— Provided material —
::::::

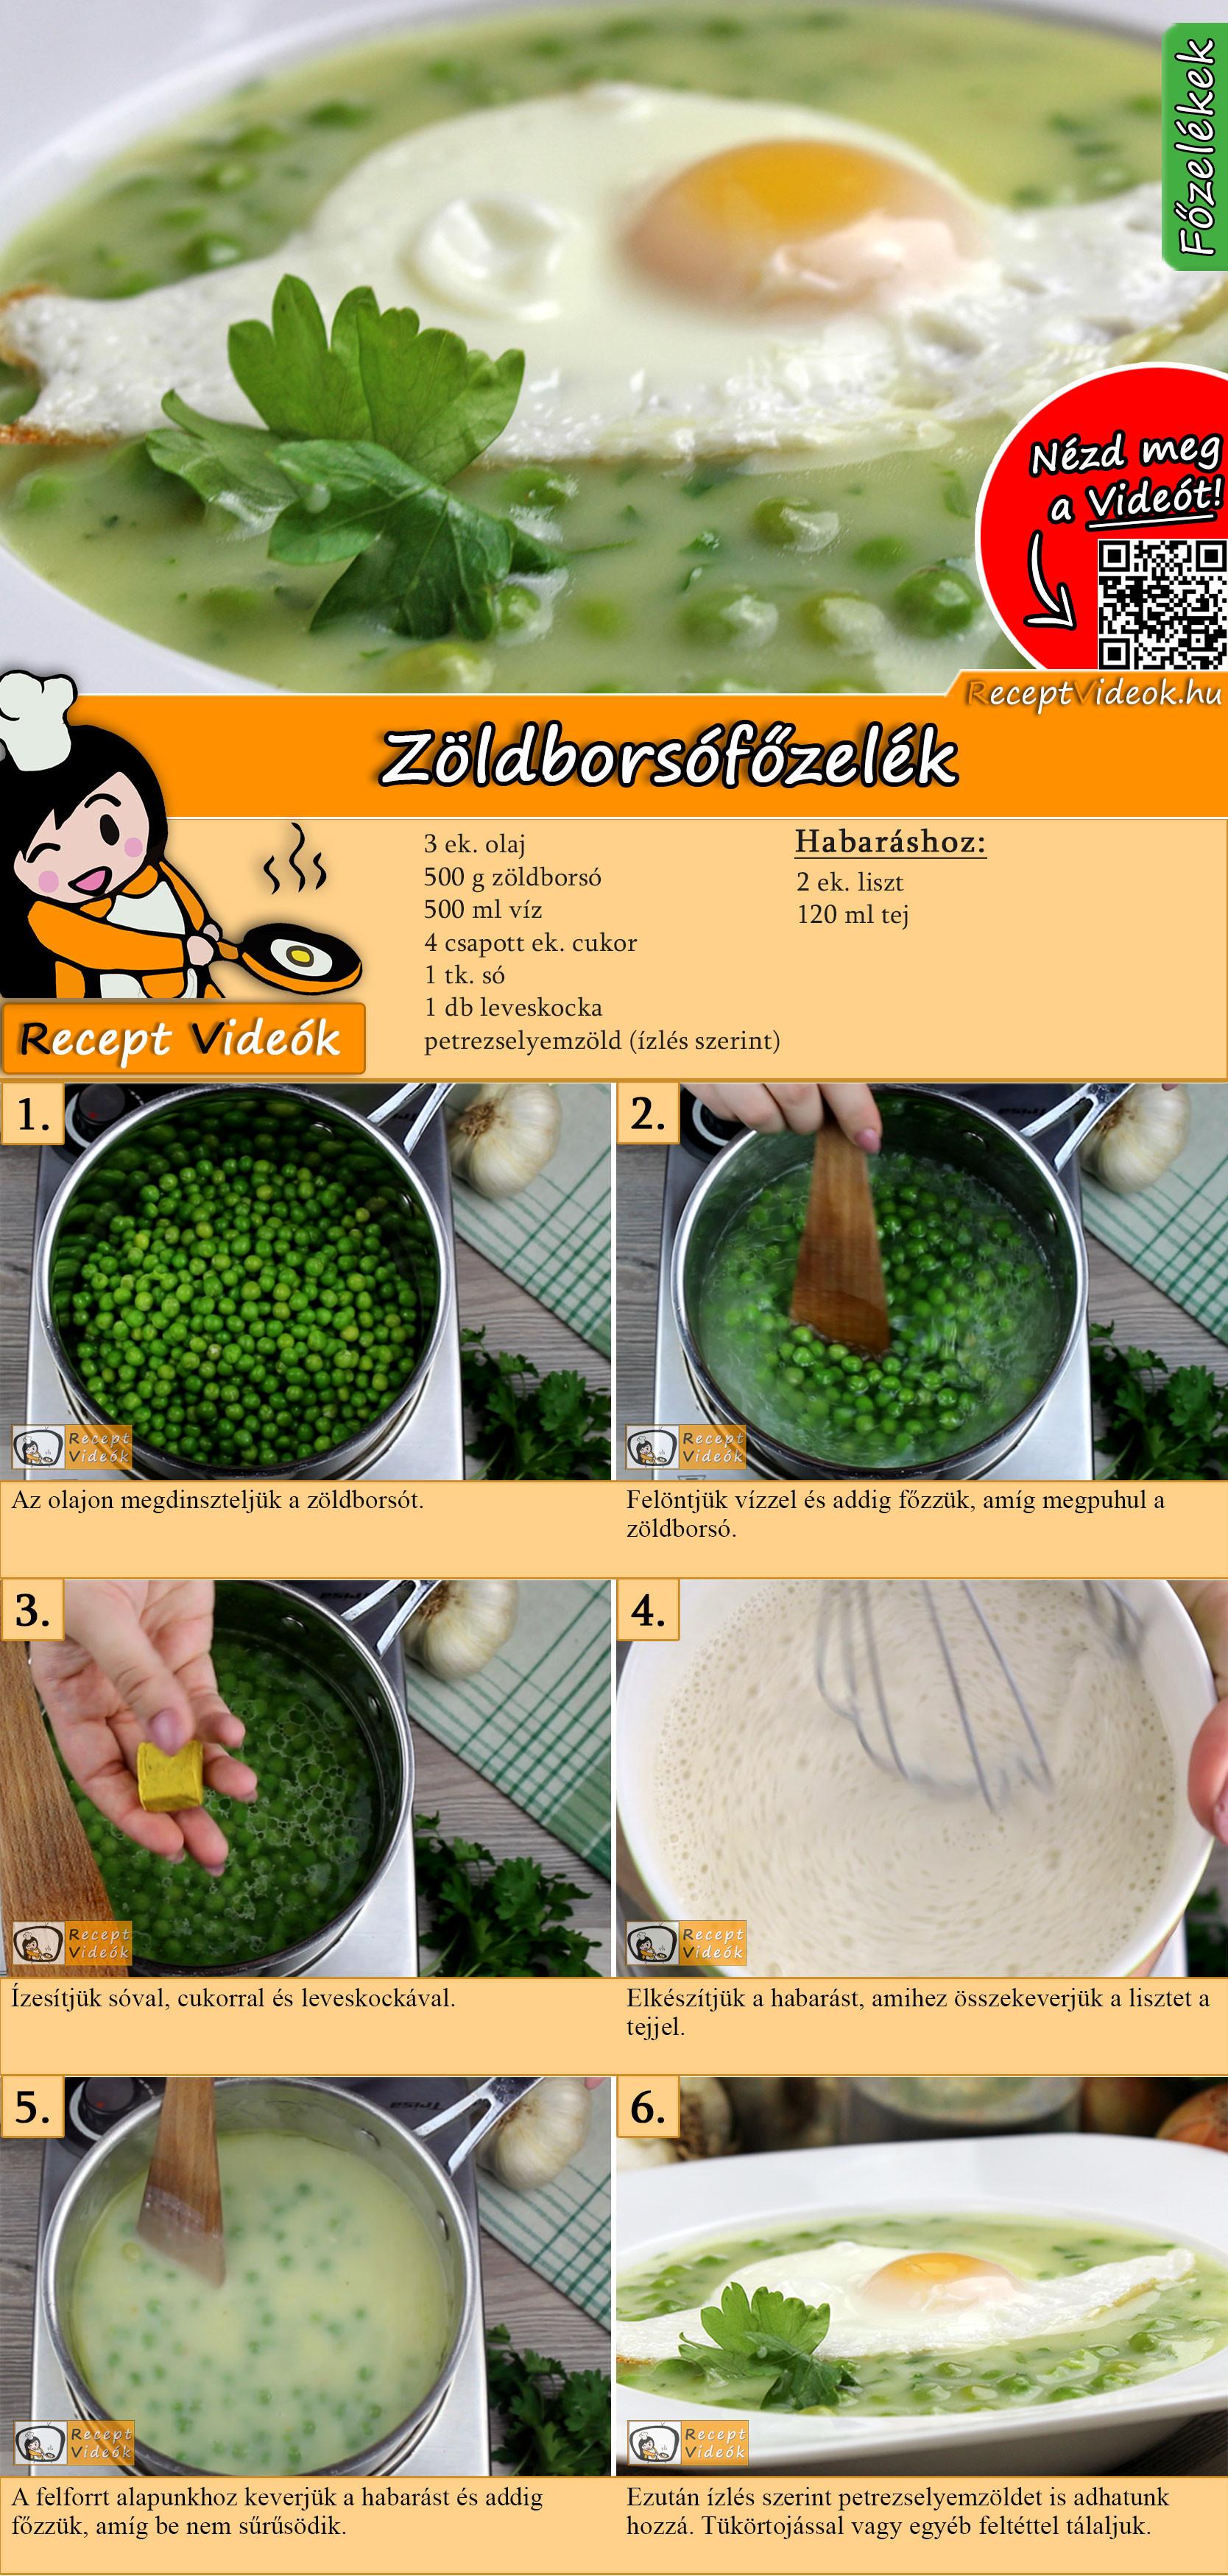 Zöldborsófőzelék recept elkészítése videóval
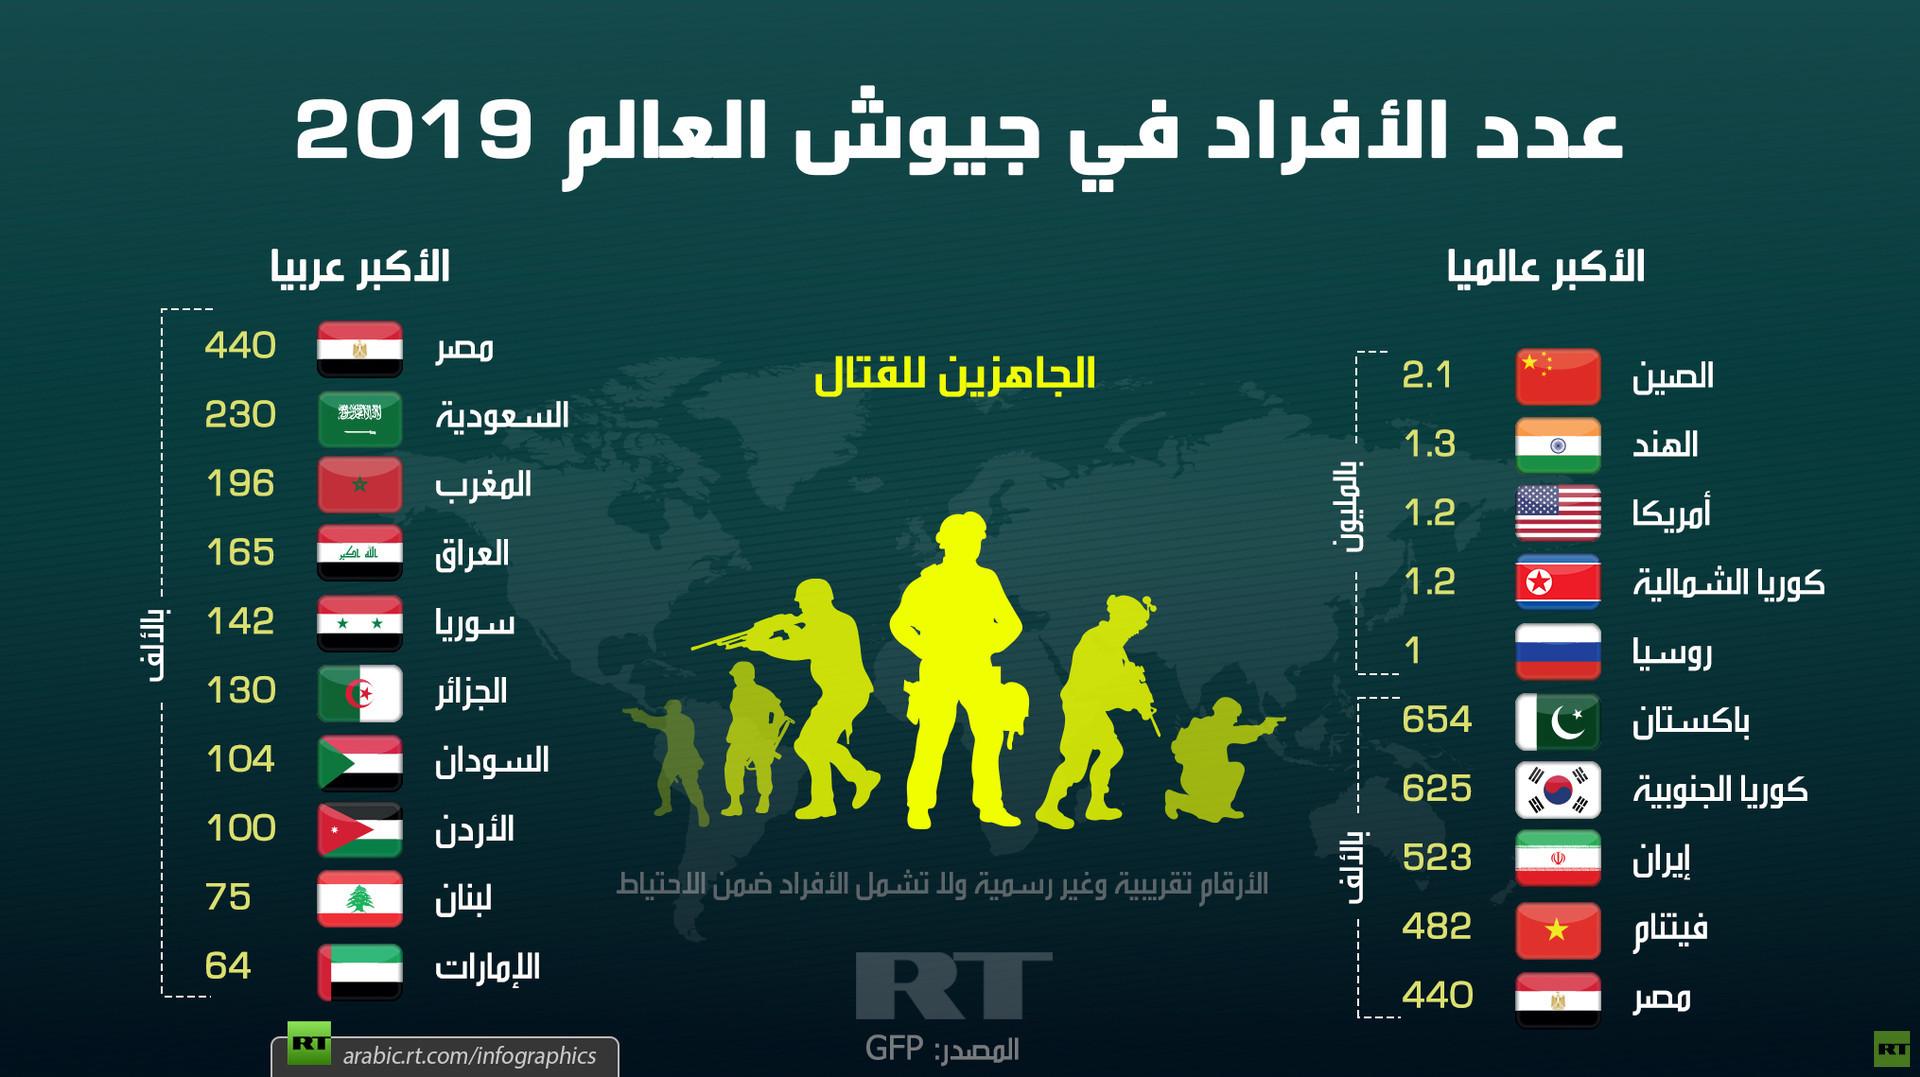 عدد الأفراد في جيوش العالم 2019
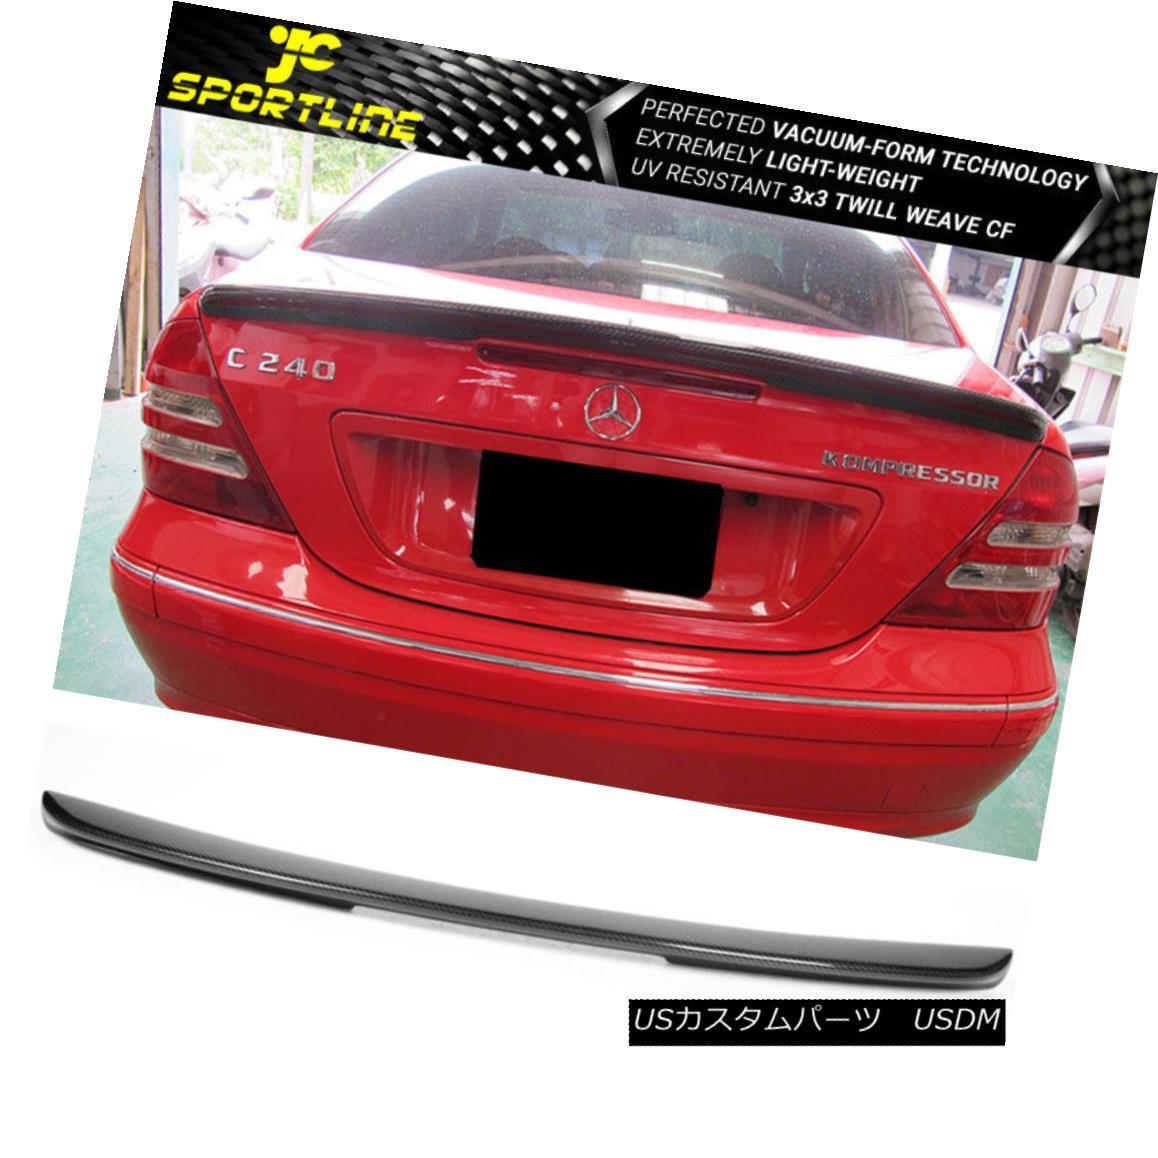 エアロパーツ Fits 01-07 Benz C-Class W203 Sedan AMG Carbon Fiber Trunk Spoiler Wing フィット01-07ベンツCクラスW203セダンAMGカーボンファイバートランクスポイラーウィング
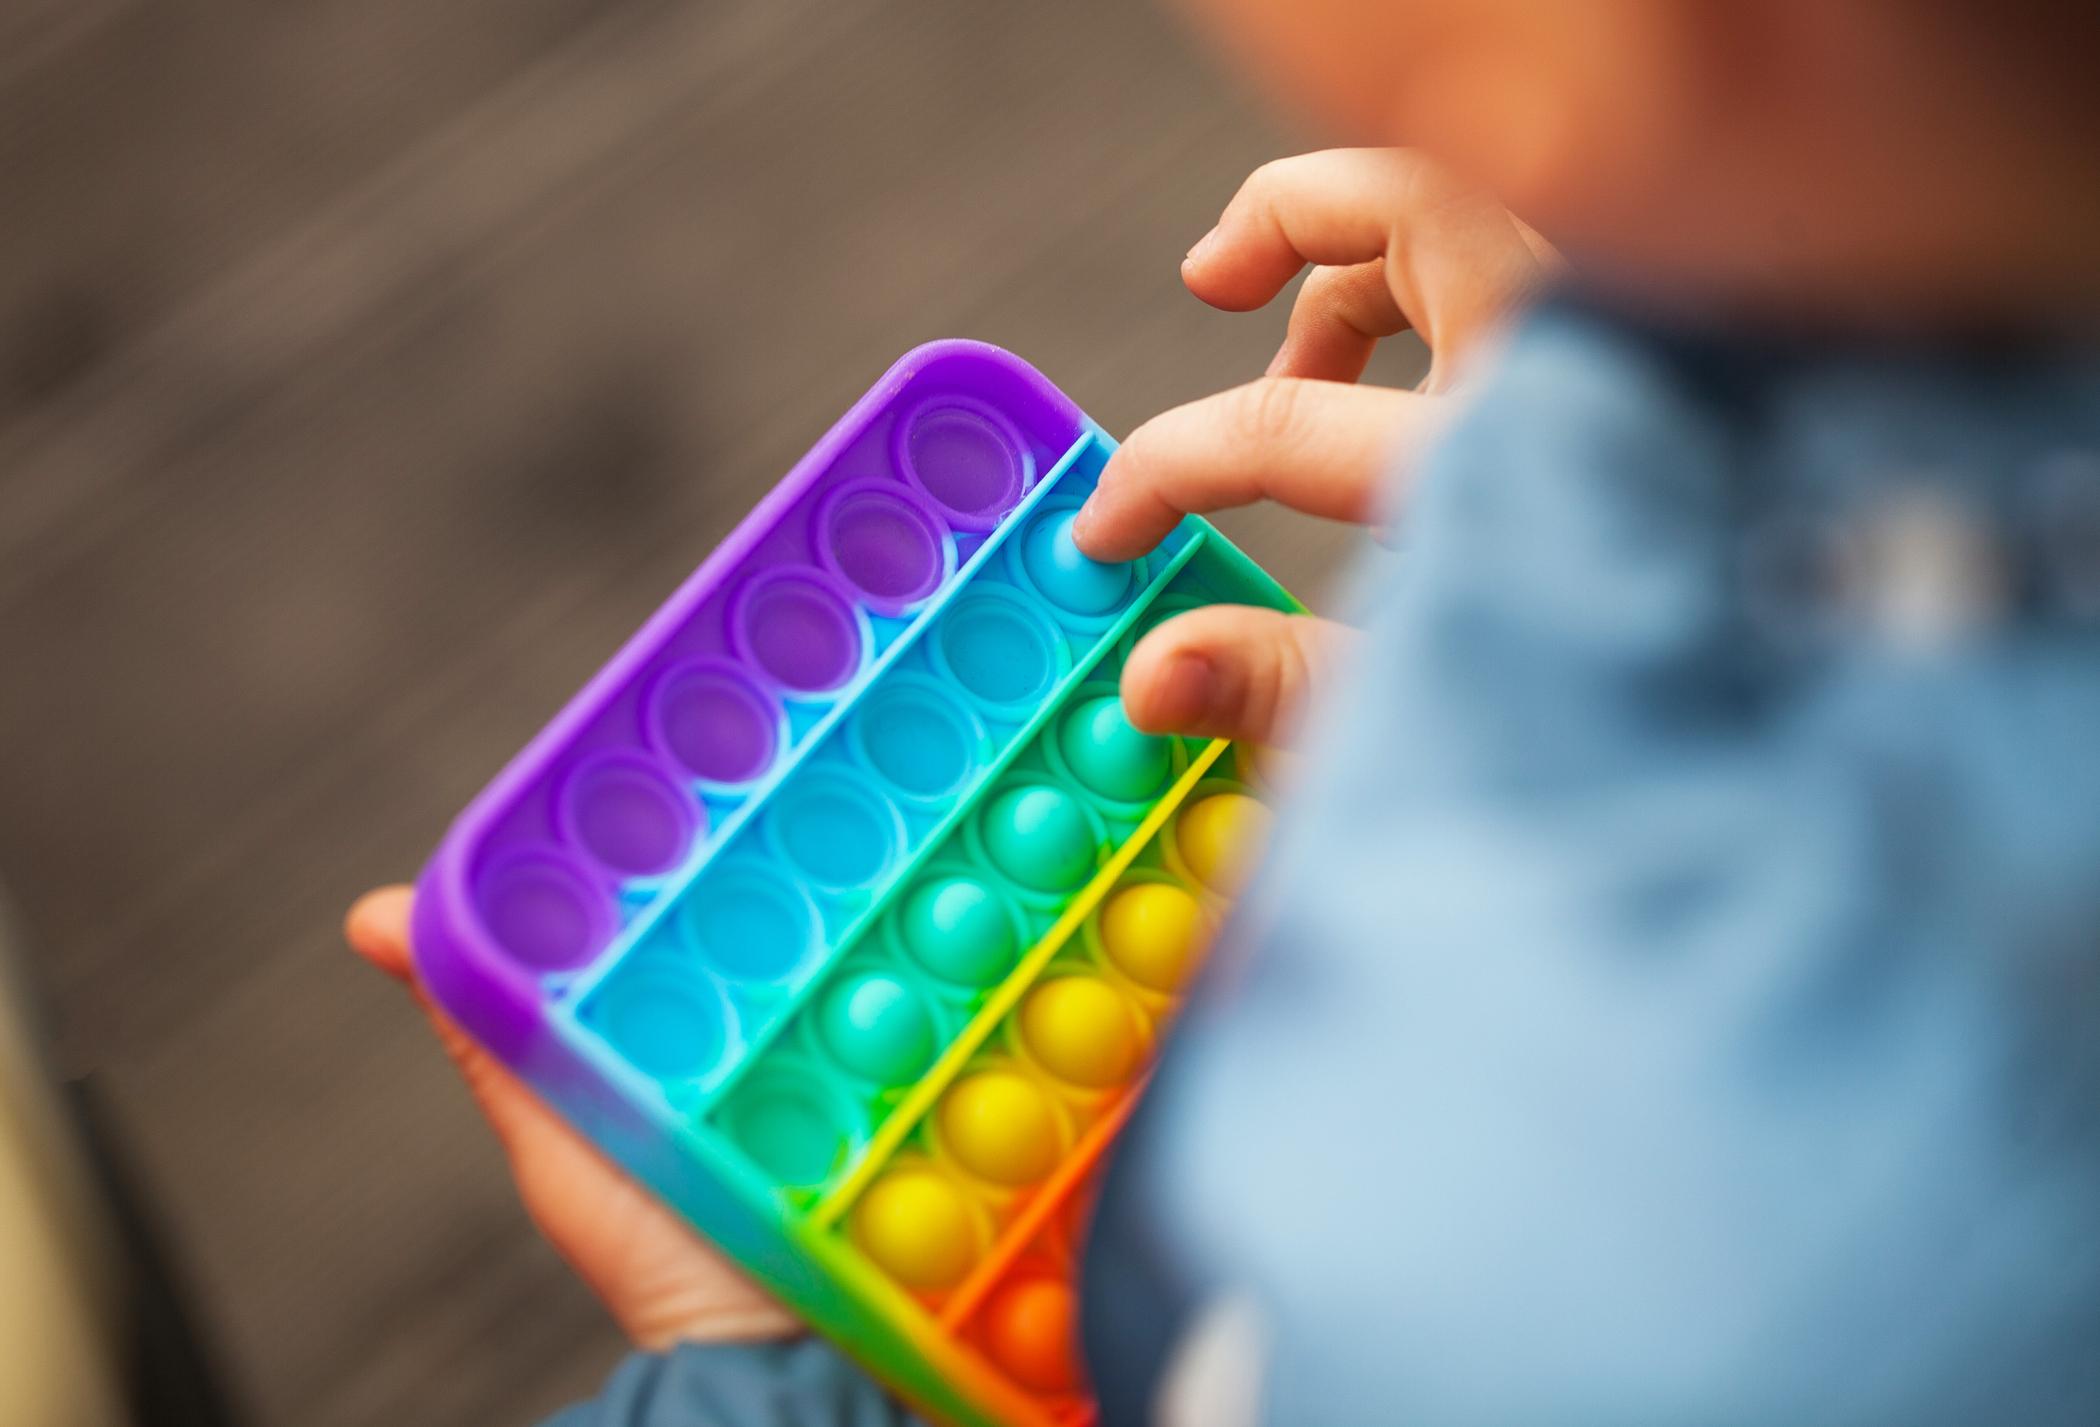 Fundamentalistas se sentem ameaçados por brinquedo que possui as cores da bandeira LGBT+

::::::

— The problem —
Could you restate the material word for word, skipping any pictures it holds?

— Task answer —
 Zöldborsófőzelék recept elkészítése videóval
 عدد الأفراد في جيوش العالم 2019
 エアロパーツ Fits 01-07 Benz C-Class W203 Sedan AMG Carbon Fiber Trunk Spoiler Wing フィット01-07ベンツCクラスW203セダンAMGカーボンファイバートランクスポイラーウィング
 Fundamentalistas se sentem ameaçados por brinquedo que possui as cores da bandeira LGBT+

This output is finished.